The problem
All of the lines below need to be copied exactly, apart from the pictures.

===== Stored data =====

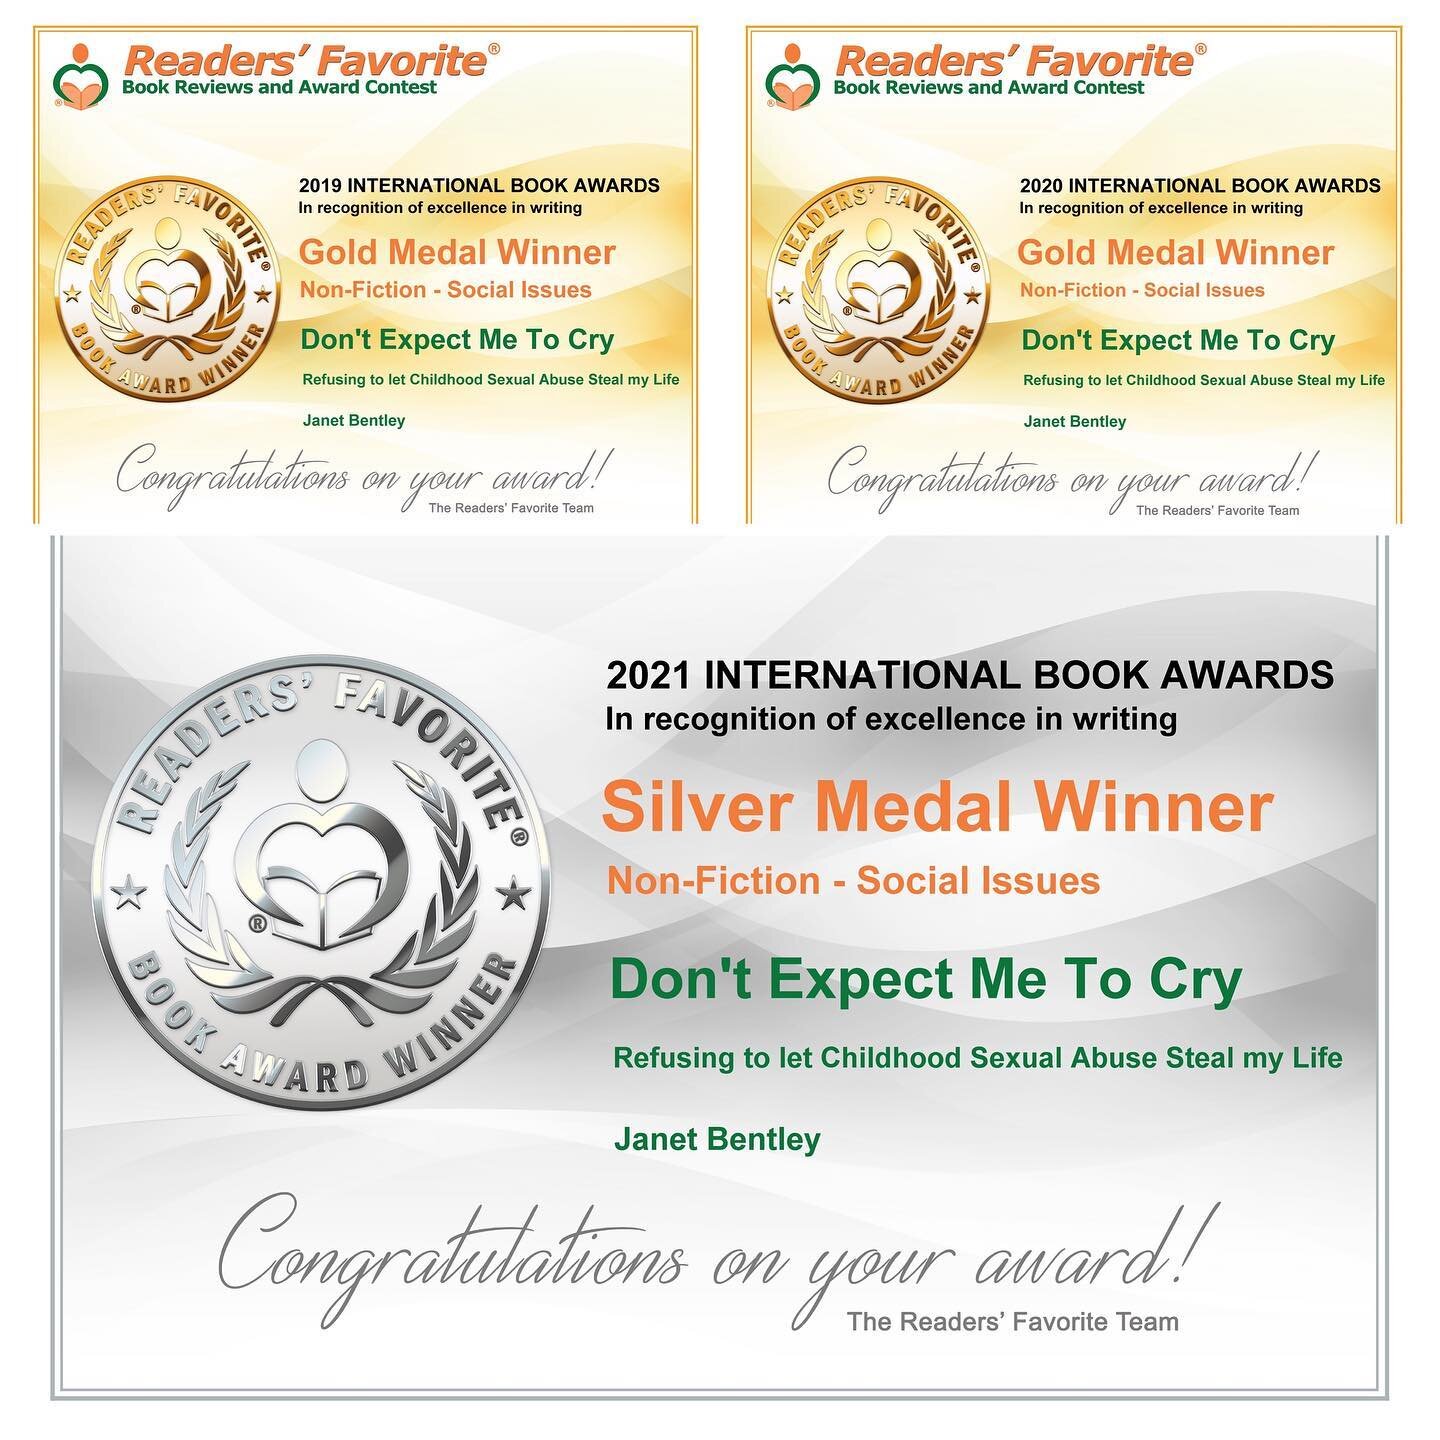 3 Years in a row.  I am so grateful and motivated to keep going. 
🙏🙂
&quot;Readers' Favorite recognizes &quot;Don't Expect Me To Cry&quot; by Janet Bentley in its annual international book award contest, currently available at http://www.amazon.com

=====

Answer to the exercise
 3 Years in a row.  I am so grateful and motivated to keep going. 
🙏🙂
&quot;Readers' Favorite recognizes &quot;Don't Expect Me To Cry&quot; by Janet Bentley in its annual international book award contest, currently available at http://www.amazon.com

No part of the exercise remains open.